For the last 18 months, the RSS Advisory Board has been drafting a set of best-practice recommendations for RSS. Working with the developers of browsers such as Microsoft Internet Explorer and Mozilla Firefox, aggregators such as Bloglines and Google Reader, and blogging tools including Movable Type, we've looked for areas where questions about the RSS format have led to differences in how software has been implemented to produce and consume RSS feeds.
The result of our work is the RSS Profile. The lead authors are James Holderness, Randy Charles Morin, Geoffrey Sneddon and myself. The profile isn't a set of rules; it's a set of suggestions drafted by programmers and web publishers who've been working with RSS since the format's first release in 1999. Our goal is for the profile to be the second document programmers consult when they're learning how to implement RSS.

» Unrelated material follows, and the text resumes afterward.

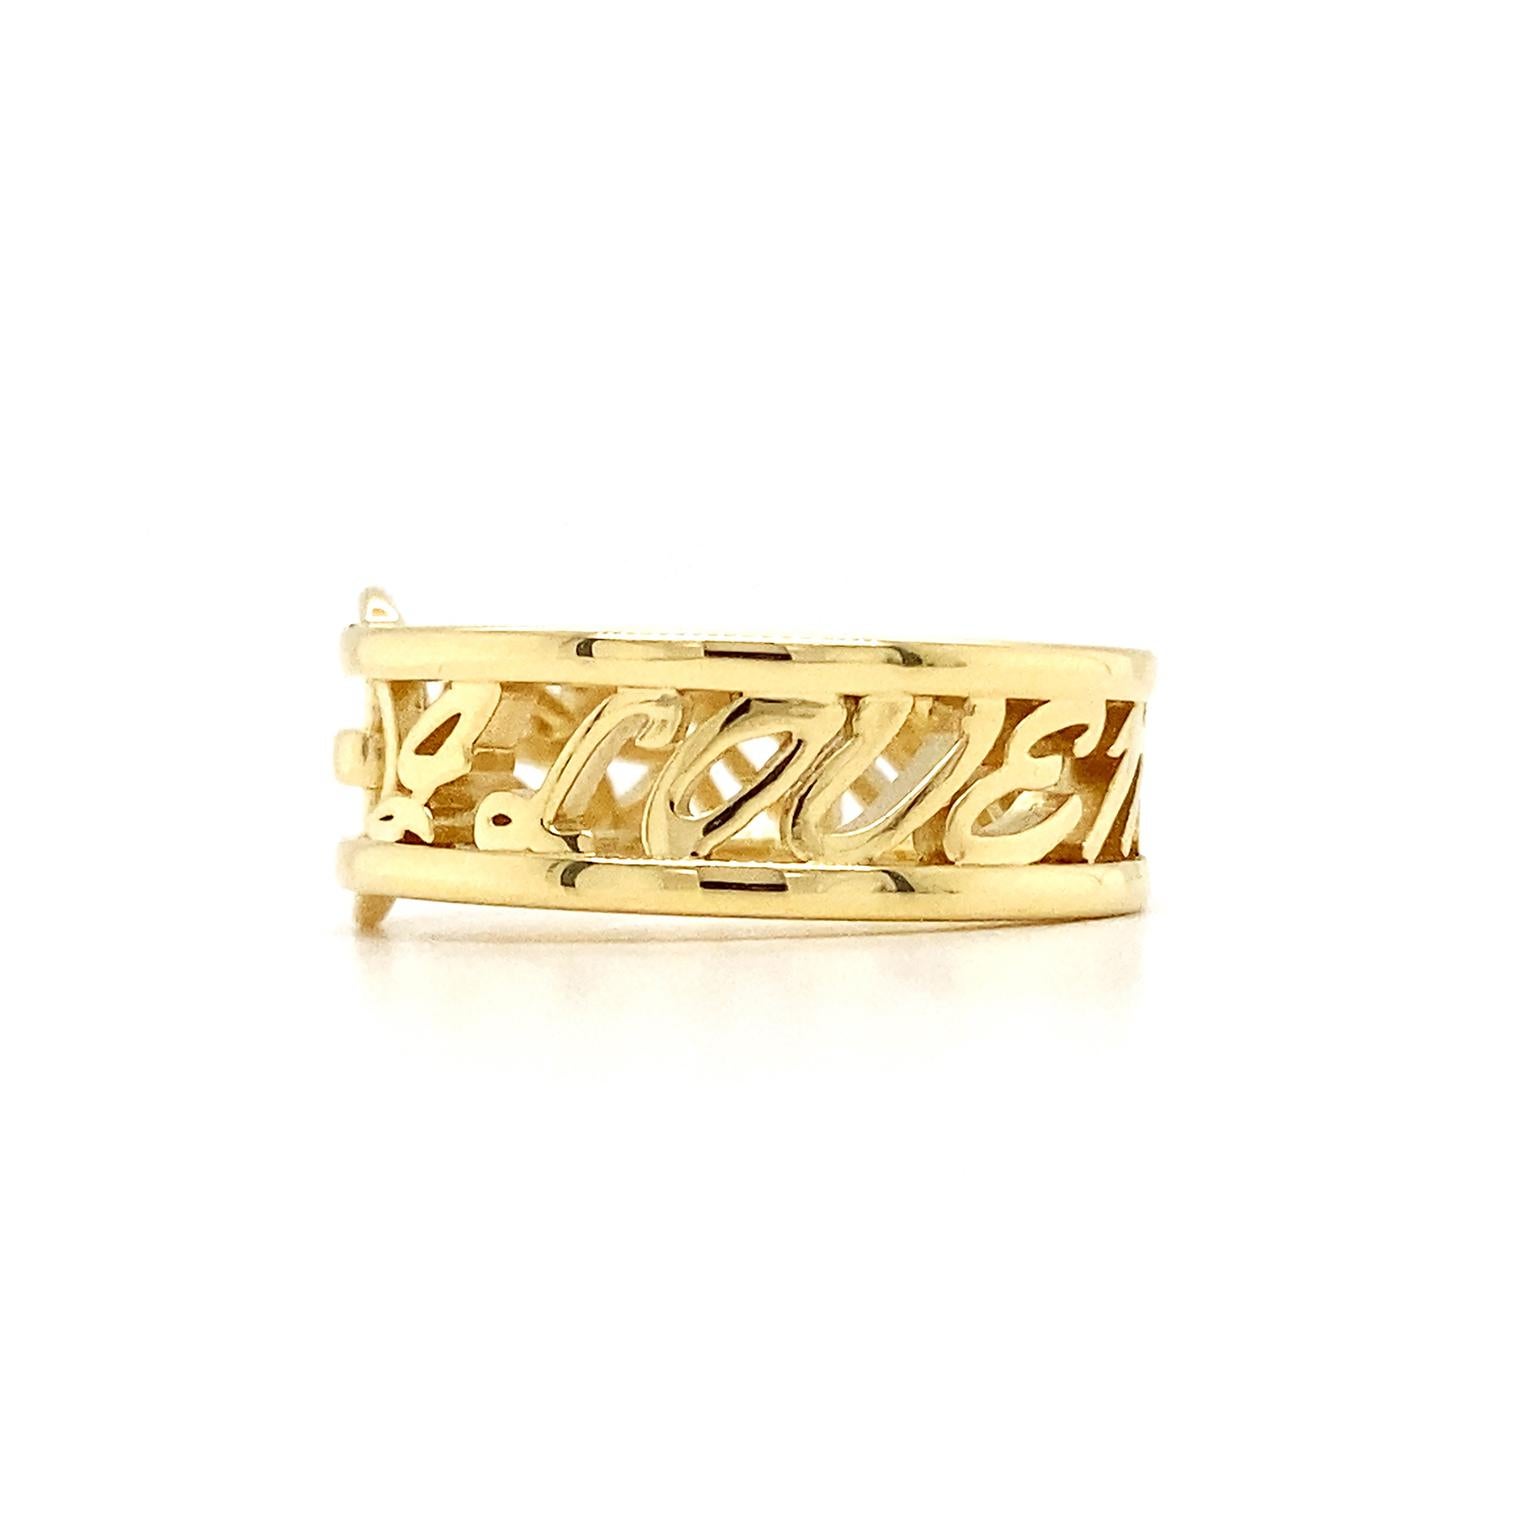 Several touches make this ring stand out. One is a buckle, complete with a bar, prong, and oval frame. The words 'I love me more' span the rest of the band, with cursive letters traveling between thin shanks. Taken together, the buckle turns the

The profile tackles some long-standing issues in RSS implementation, including the proper number of enclosures per item, the meaning of the TTL element and the use of HTML markup in character data.
In addition to recommendations for the RSS elements documented in the specification, the profile includes advice for four common namespace elements: atom:link, content:encoded, dc:creator and slash:comments.
Morin and I have proposed that the board endorse and publish the RSS Profile, making it available under a Creative Commons Attribution-ShareAlike 2.0 license so that others can build upon and extend it with their own recommendations.
Additionally, we proposed that the following sentence be added to the About this document section of the specification, as a new fifth paragraph: "The RSS Profile contains a set of recommendations for how to create RSS documents that work best in the wide and diverse audience of client software that supports the format."